Il est une autre question où M. Leslie a appliqué son système de critique avec un plein succès, c’est celle du Wages Fund, c’est-à-dire du fonds des salaires. C’est un point très vivement discuté. parmi les savans spéciaux, et qui est aussi de la plus grande importance pour la pratique. Voici comment se pose le problème; je reproduis les termes dont se sert Mac Culloch, dans le chapitre premier de son Traité sur les circonstances qui déterminent le taux des salaires. — « Le salaire dépend, à un moment donné, de la quantité du fonds ou du capital approprié au paiement des salaires, comparée au nombre total des ouvriers. Supposons que le capital approprié au paiement des salaires dans un pays s’élève à 30,000,000 de livres sterling. S’il se trouvait dans ce pays deux millions d’ouvriers, il est évident que le salaire de chacun d’eux, les supposant tous rétribués sur le même pied, serait de 15 livres sterling, et il est clair également que le taux de ce salaire ne pourrait être augmenté qu’en réduisant le nombre des ouvriers dans une proportion plus grande que la masse du capital ou en augmentant le capital plus que le nombre des ouvriers. Toute tentative faite pour amener une hausse des salaires, qui n’est pas fondée sur ce principe ou qui n’a pas pour but ultérieur d’accroître le capital relativement à la population, doit nécessairement aboutir à un échec. » Si la théorie exposée par Mac Culloch était exacte, il en résulterait que le taux moyen du salaire serait, à un moment donné, déterminé d’une façon absolue : ni coalitions, ni grèves, ni bon vouloir des maîtres ne pourraient l’augmenter.
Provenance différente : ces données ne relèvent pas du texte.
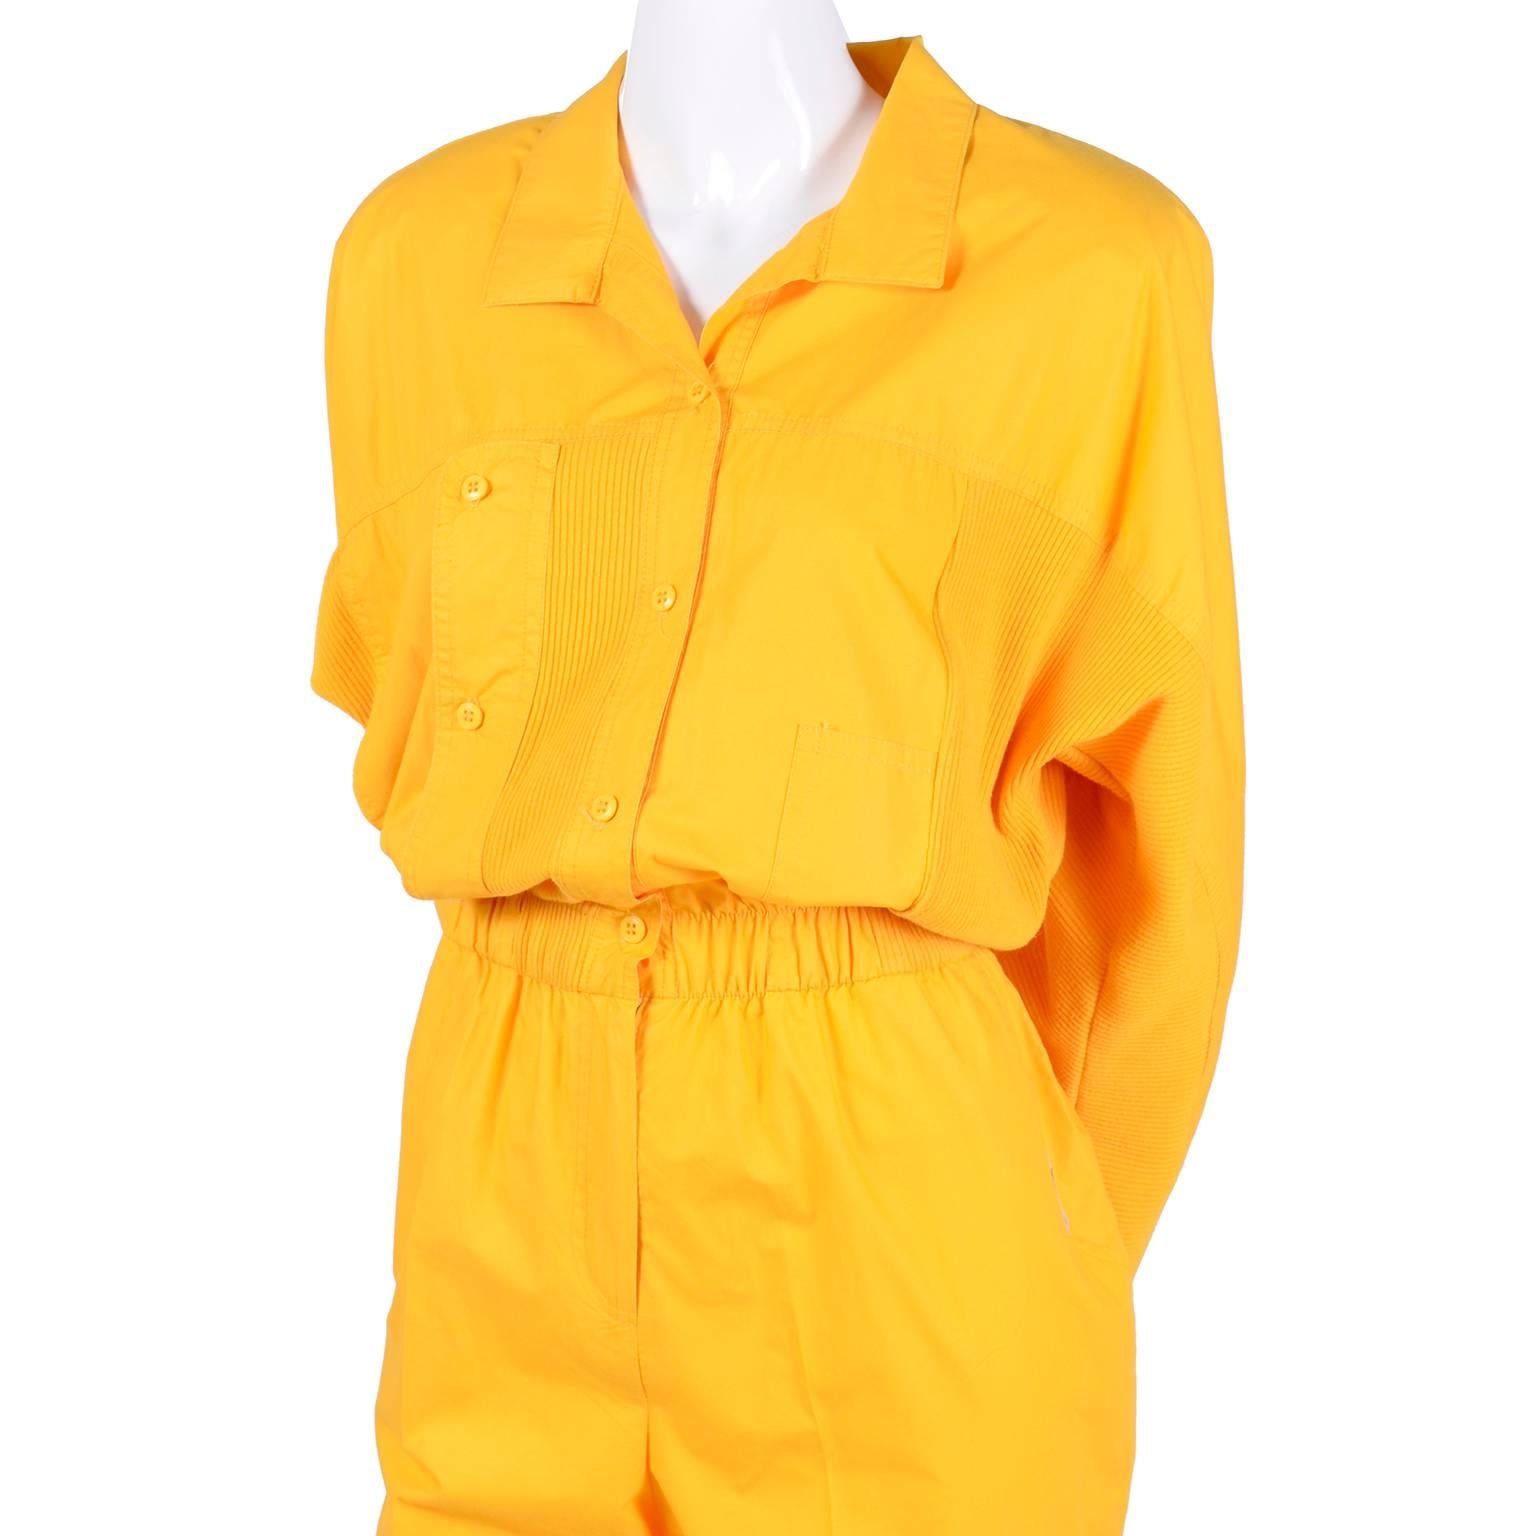 This vintage yellow jumpsuit is right on trend this year and was made by Saint Germain Paris in the 1980's.  We love vintage jumpsuits and this one is in amazing condition and has so much style. The jumpsuit is cotton with cotton knit ribbing on the

Le second point de la doctrine orthodoxe, c’est la tendance à l’égalité des salaires. Supposez tous les emplois également faciles et sains : avec la liberté industrielle, une différence quelque peu notable dans les salaires ne pourrait se maintenir. Si un emploi est momentanément mieux rétribué, les travailleurs le rechercheront en plus grand nombre, et ainsi l’excès de l’offre fera baisser la rémunération. Les différences permanentes qui existent dans les salaires ne s’expliquent que par les circonstances qui rendent un métier plus ou moins difficile ou plus ou moins agréable.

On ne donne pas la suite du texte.